Linux software project developed by Google

gVisor is an open-source container sandbox developed by Google that focuses on security, efficiency, and ease of use. It provides virtualization-like isolation while maintaining the resource efficiency of standard containers. gVisor intercepts application system calls and implements a large portion of the Linux system call ABI in userspace, offering additional security compared to standard containers that run directly on top of the Linux kernel and are isolated merely with namespaces. Unlike the Linux kernel, gVisor is written in the memory-safe programming language Go to prevent common pitfalls which frequently occur in software written in C. Modern features of the platform include checkpoint/restore functionality, runtime monitoring integration (such as with Falco), and GPU/CUDA isolation for AI/ML workloads.

According to Google and Brad Fitzpatrick, gVisor is used extensively in Google's production environment, including the App Engine standard environment, Cloud Functions, and Google Cloud Run. Furthermore, gVisor is integrated with Google Kubernetes Engine (GKE Sandbox), allowing users to sandbox their Kubernetes pods for use cases like SaaS and multitenancy.

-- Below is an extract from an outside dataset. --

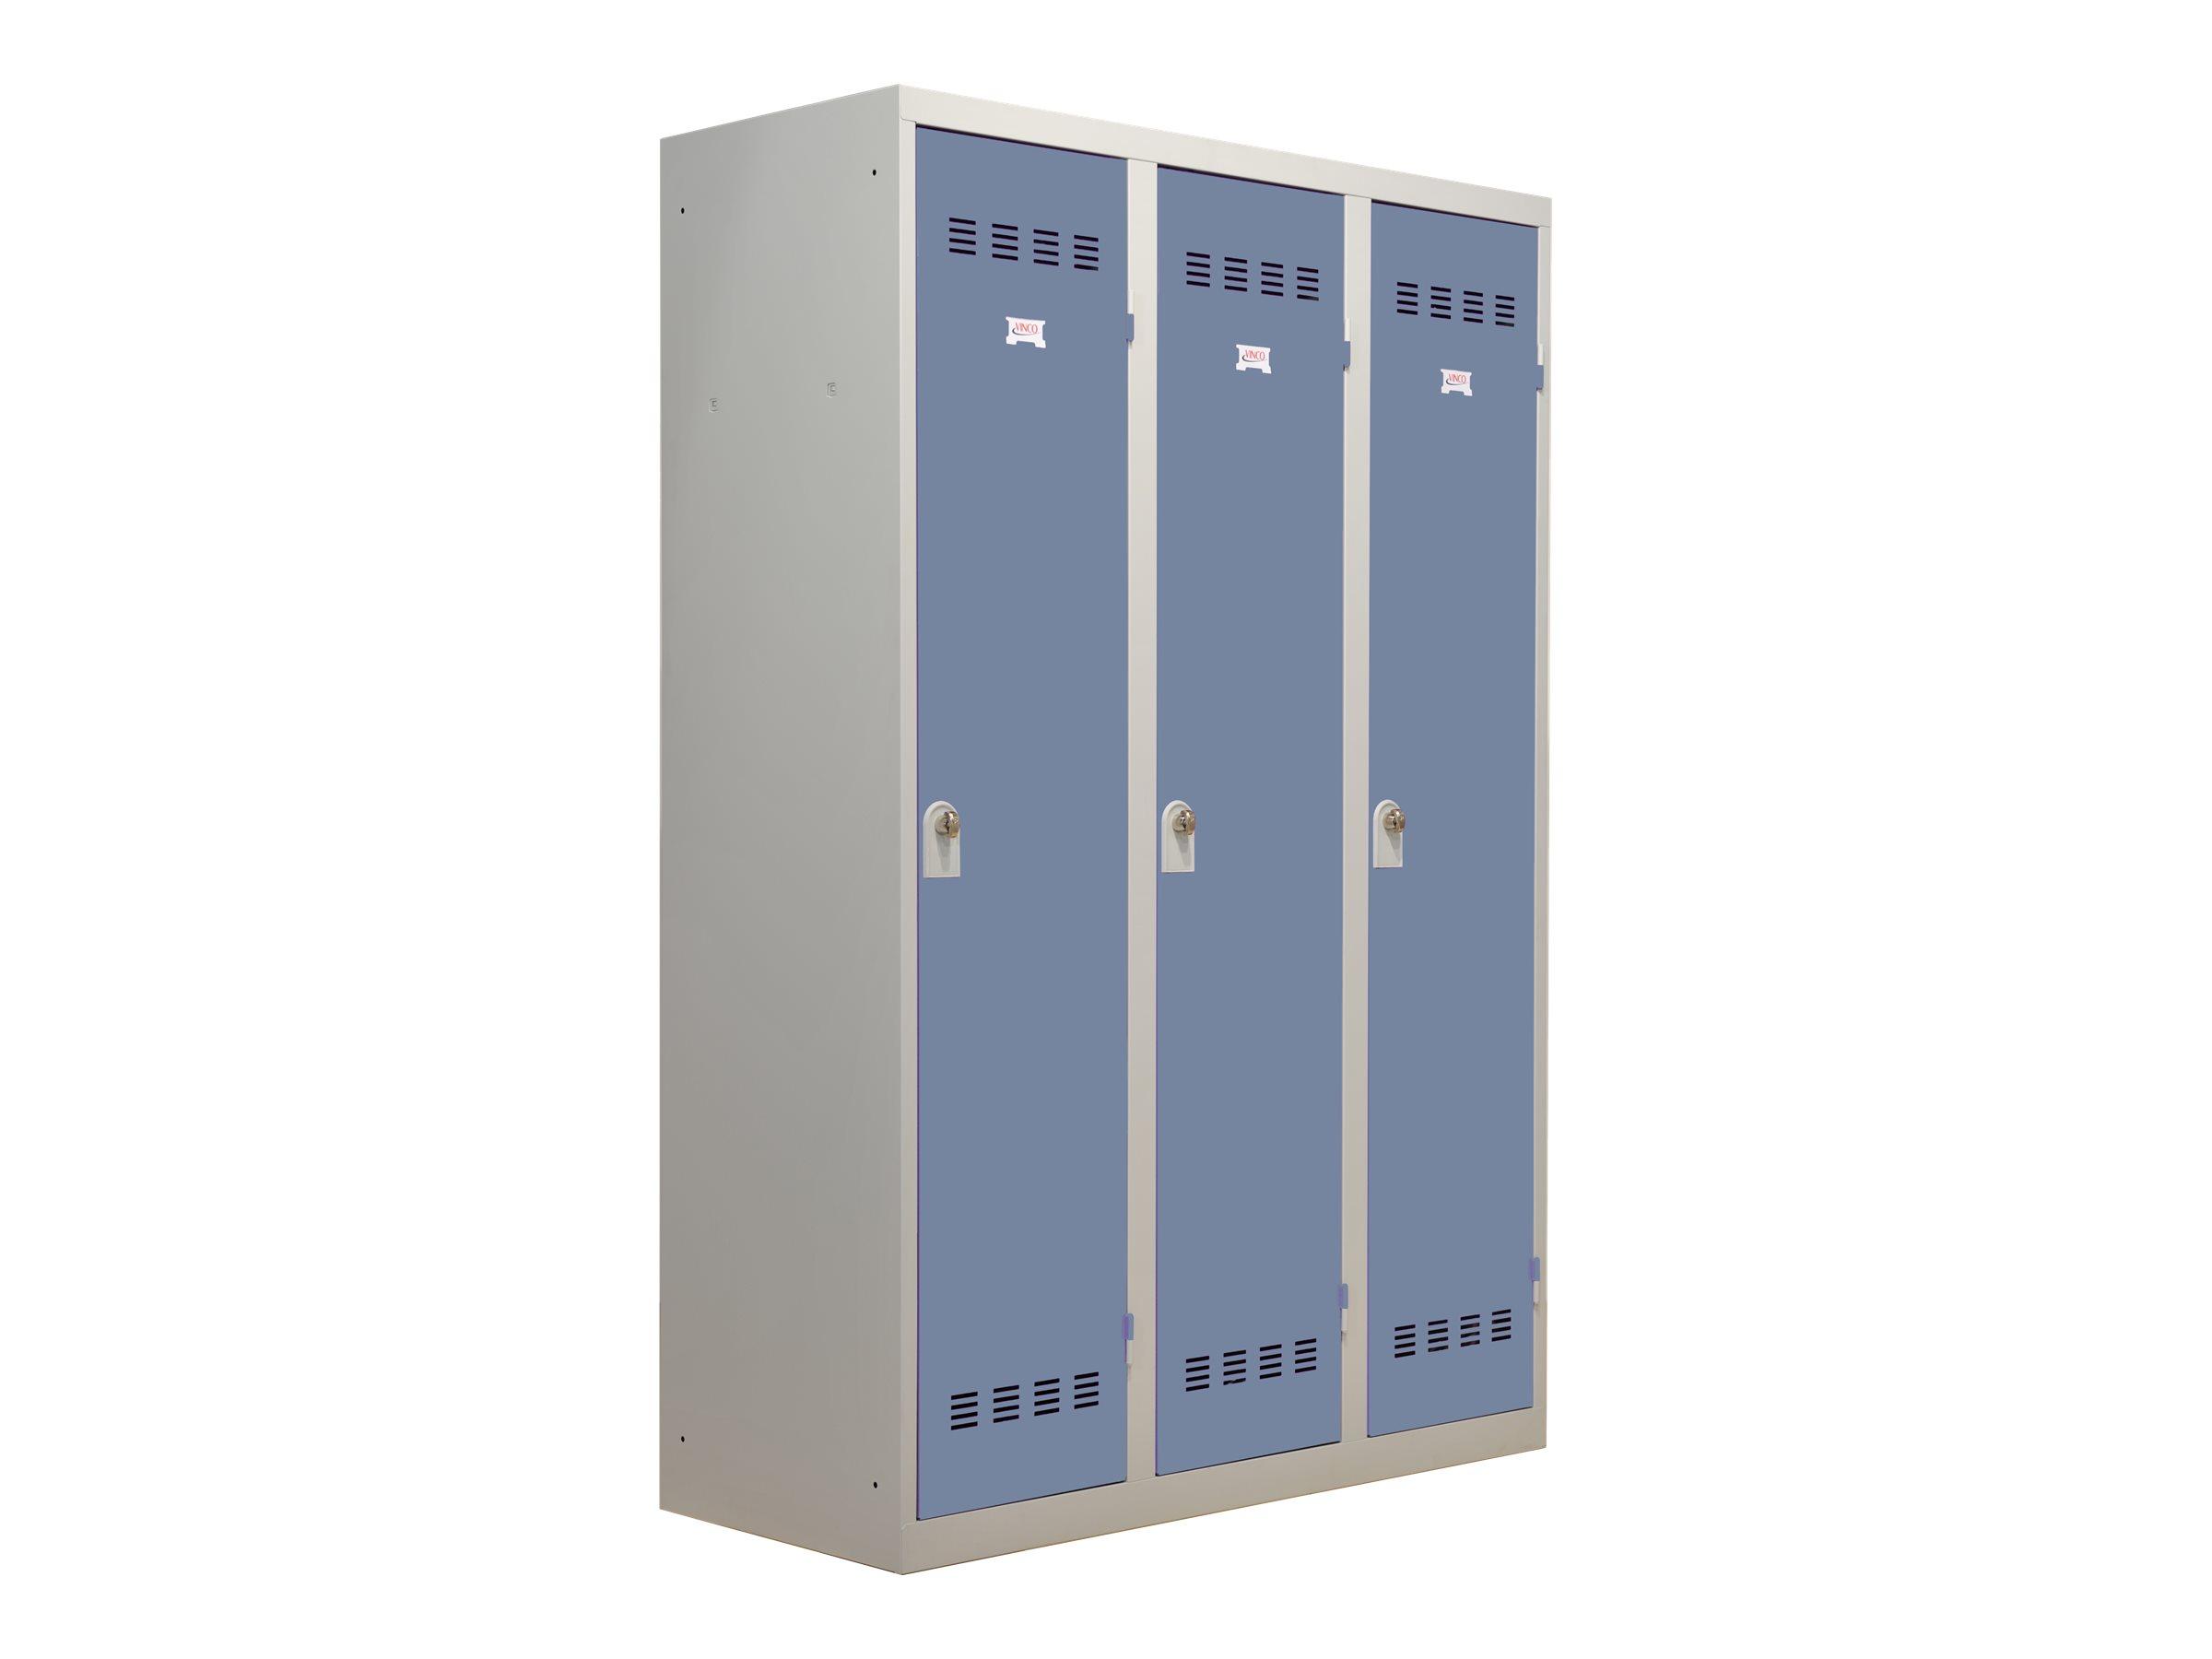 Vestiaire Industrie Salissante - 3 portes - 180 x 120 x 50 cm - gris/beu

Beyond Google, gVisor is adopted by numerous organizations to secure their container and application infrastructure. Notable adopters include DigitalOcean for its App Platform, Cloudflare for Cloudflare Pages builds, and AI companies like OpenAI and Anthropic to safely execute untrusted code or high-risk tasks. Additionally, projects like Docker (in its Mac desktop version) and Tailscale rely on gVisor's network stack library for userspace networking.

== Architecture ==

gVisor acts as an application kernel, it intercepts and handles system calls and page faults from the sandboxed workload itself, rather than passing them to the host Linux kernel.

- The Sentry is the core component of gVisor. It is a userspace kernel, written in Go, that implements a large subset of the Linux system-call interface along with subsystems such as process management, signal handling and networking. The logic runs entirely within gVisor's memory-safe code rather than being delegated to the host kernel.
- The Gofer is a separate, slightly more privileged sidecar process that mediates access to the host filesystem. The Sentry cannot open host files directly; file operations are sent to the Gofer over the 9P protocol, adding a further layer of isolation between the sandbox and host resources.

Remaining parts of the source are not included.